Влюбленный демиург | страница 71



. Куда доброжелательнее относился к гегелевской диалектике Надеждин со своим «Телескопом»[222]. В 1835 г. здесь был опубликован, в переводе Станкевича, очерк Г. Вилльма «Опыт о философии Гегеля», вкратце излагавший основы этой системы: мировой «ум, развиваясь, выходит из себя, разворачивается и, в то же время, возвращается сам к себе или сознает себя. Это действие возвращения к себе можно принять за высшую и абсолютную цель ума <…> Все, что происходит в небе и на земле, все, что происходит вечно, имеет одну цель, чтобы ум познал себя, нашел себя, сделался предметом своей собственной деятельности, сделался для самого себя; если он, по-видимому, раздвояется, отчуждается, то это единственно для того, чтобы найти себя, чтобы лучше войти в себя»[223].

* * *

Сообразно романтической эстетике, ответное слово человечества становится достоянием поэзии, дарующей голос всему миру. В одном из дебютных (1827) стихотворений Хомякова о поэте сказано:

Он к небу взор возвел спокойный
И к Богу гимн в душе возник;
И дал земле он голос стройный,
Творенью мертвому язык[224].

Открытое или подразумеваемое сопоставление Творца с художником, восходящее к Отцам Церкви и Средневековью, навсегда останется любимой темой романтиков, поскольку такая аналогия действовала у них и в обратном направлении, необычайно повышая статус создателя артефактов. Но романтическая эстетика, сплавившая ее со столь же востребованной ею теософской мифологемой о самоотражении либо самораскрытии божества в Его создании, постоянно проецировала эту мифологему на искусство как авторефлексию художника.

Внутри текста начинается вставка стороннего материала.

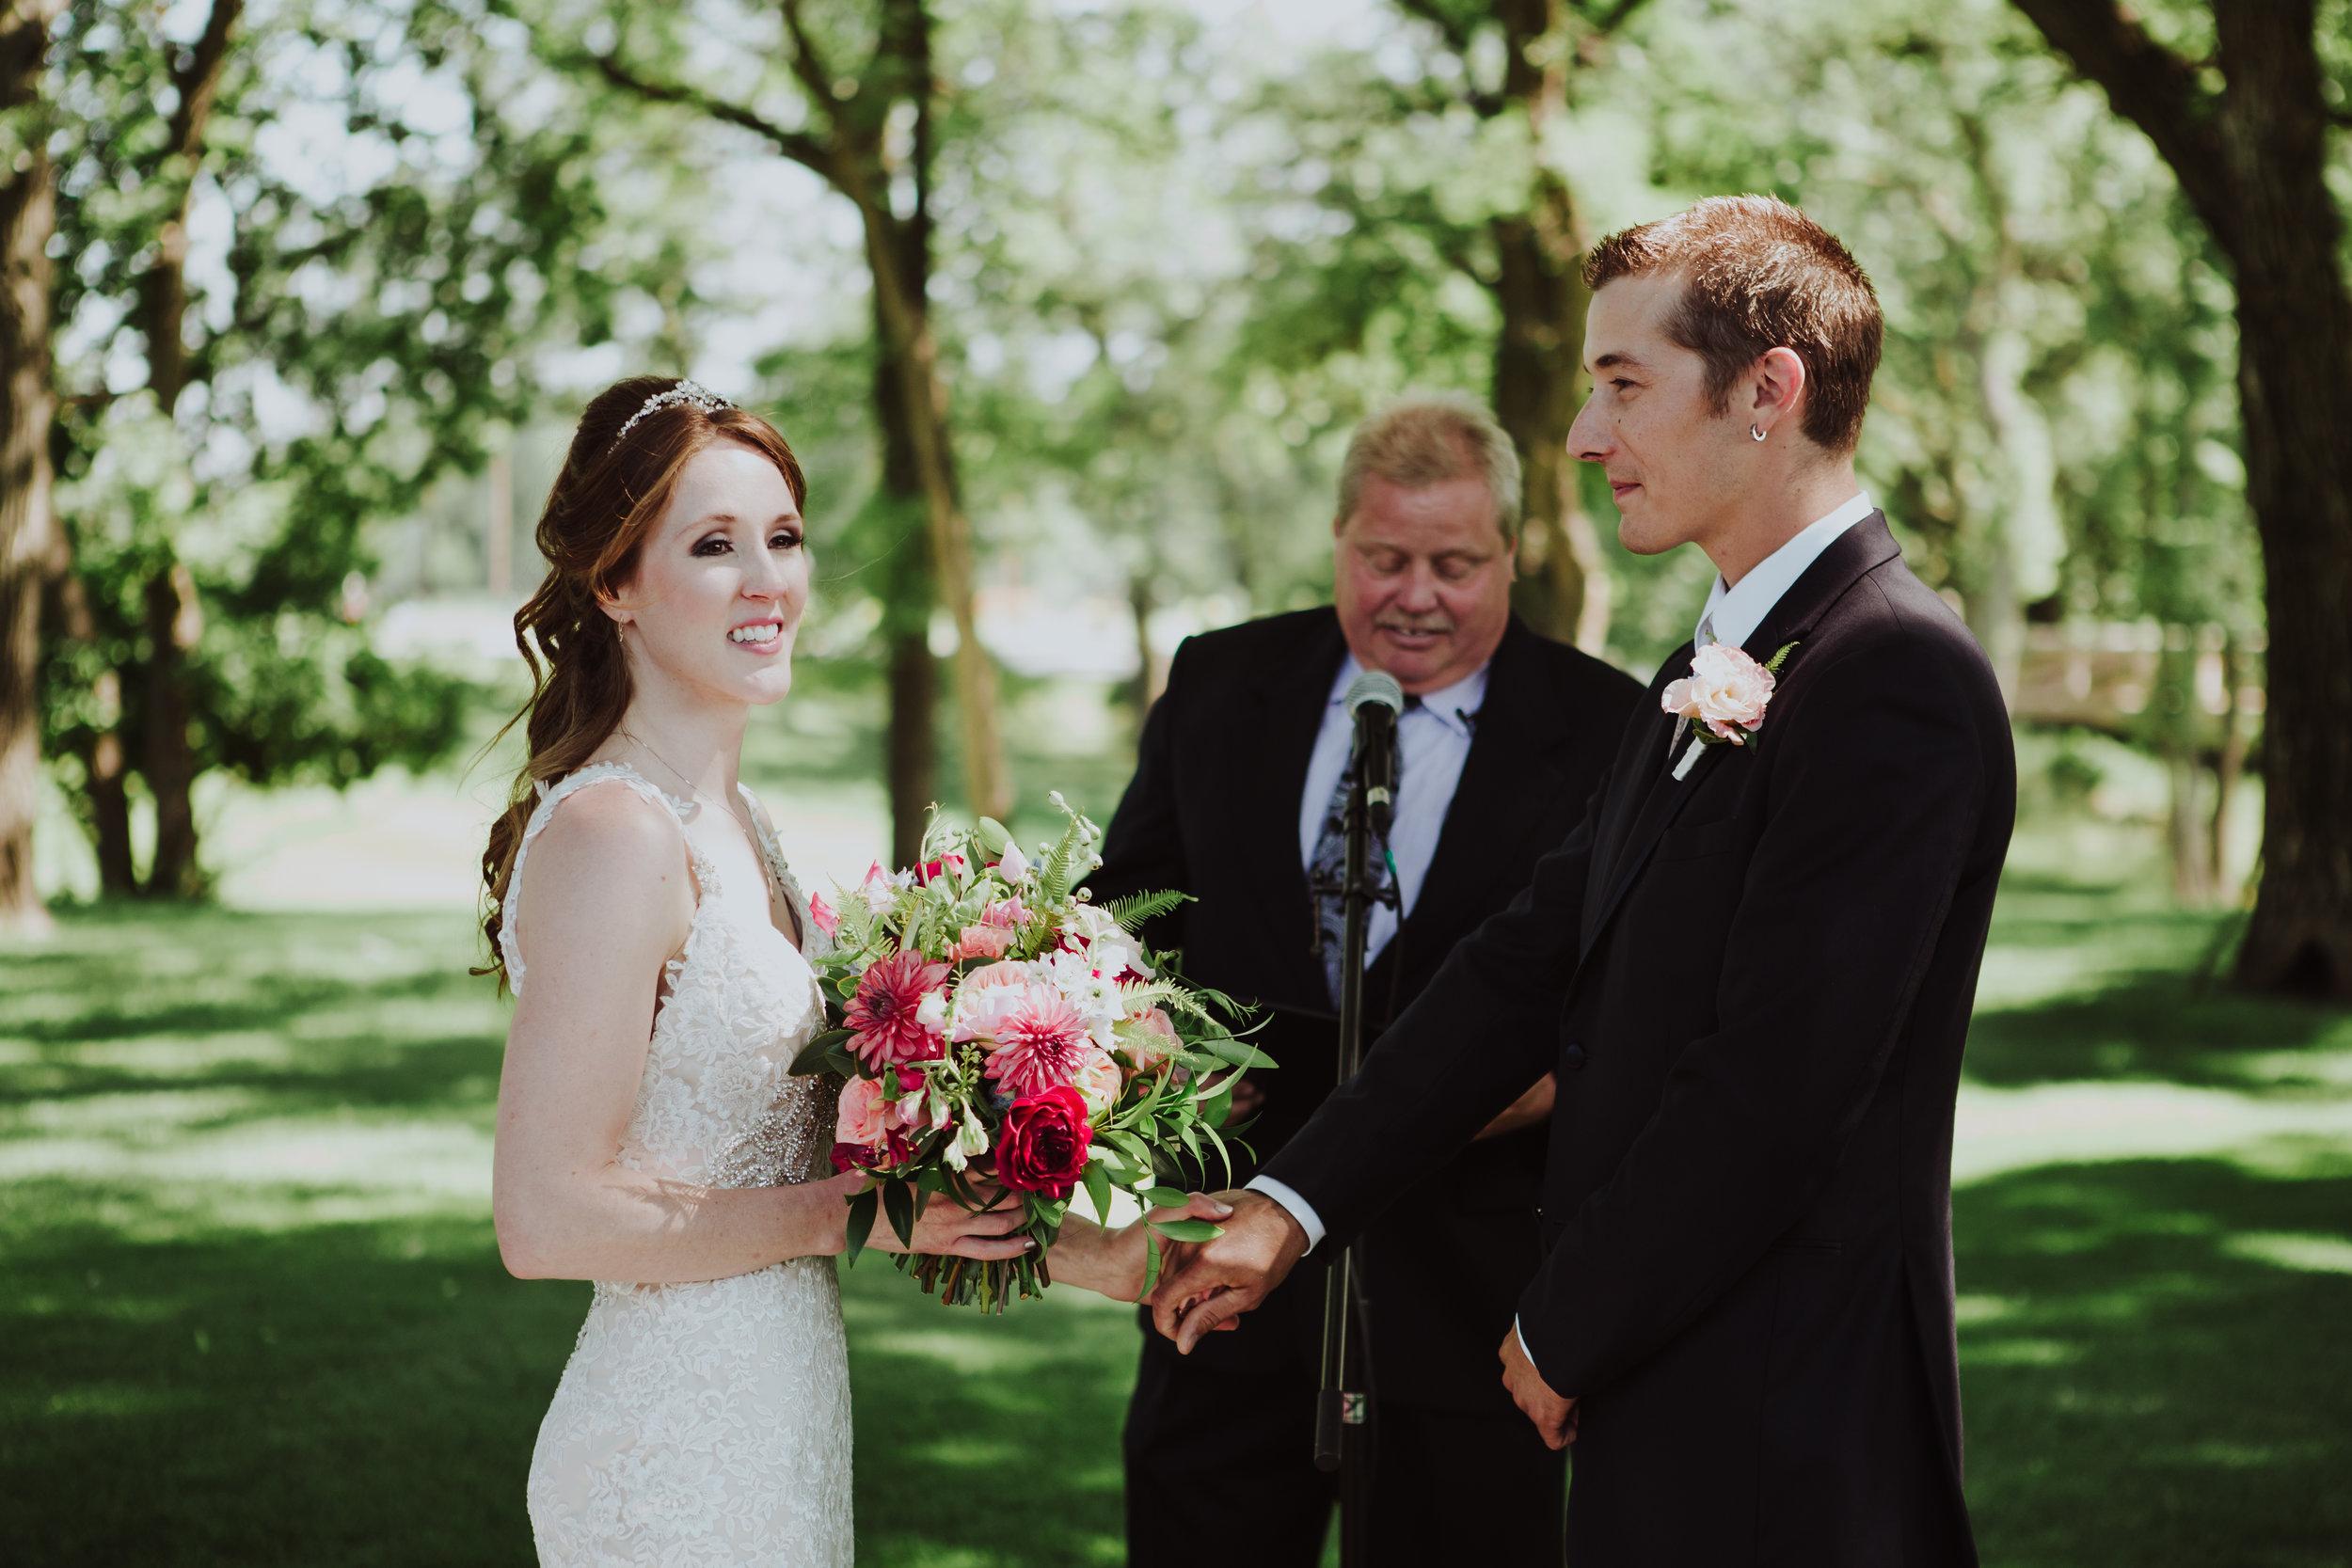 Wedding Florists Winnipeg - Outdoor Wedding Ceremony

Интерпретация творчества как почти библейского отображения автора весьма основательно закрепилась в 1830-х гг., о чем свидетельствует, среди прочего, элегия Деларю «Недолго, с тишиной сердечной…»: «И верю я: восторгов муки Мне принесут желанный плод, И эти образы и звуки Одно созданье обоймет: Душа с покоем вновь сроднится И в том созданьи отразится, Как небеса в зерцале вод»[225]. Заслуживает интереса сама соотнесенность этого блаженного итога с возвращением к первозданности мира – т. е. с той же картиной, которую запечатлел Тютчев в эсхатологии своего «Последнего катаклизма» (1831): «Все зримое опять покроют воды, И Божий лик отобразится в них». Но у Деларю нарциссически настроенный поэт попросту заменяет собой Создателя.

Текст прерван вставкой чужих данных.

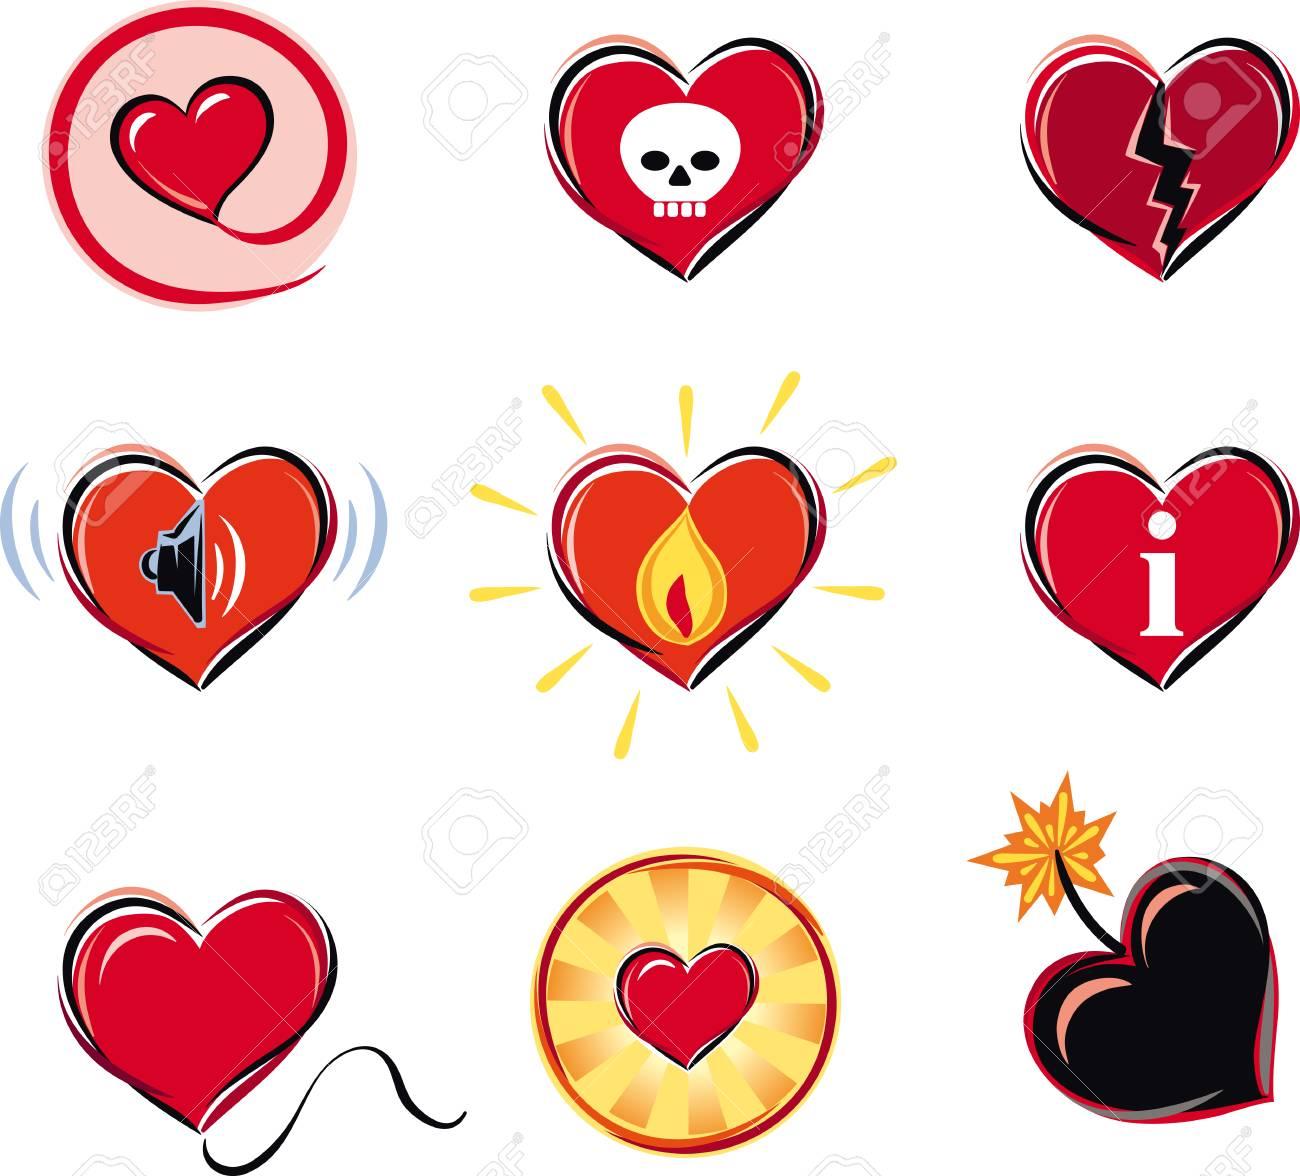 Series Of Heart Shaped Symbols Royalty Free Cliparts Vectors And

Впрочем, уже к началу десятилетия вся эта тема стала настолько ходульной, что писатели, подверженные галантным порывам, проецируют ее даже на мотивы деторождения и женского самолюбования, требующего для себя живописи или хотя бы простого зеркала. В повести бар. Розена «Зеркало старушки» (1832) рассказчик размышляет: «Когда Всевышний создал человека, чтобы в нем видеть Себя; когда творец низшего рода – но все-таки возвышенное существо – художник, побуждаемый таким же чувством, смотрится в своем произведении, то почему и женщинам не быть причастными той изначальной склонности: видеть себя вне себя, – в дитяти ли родном, в изображении ли живописном, или в зеркале?»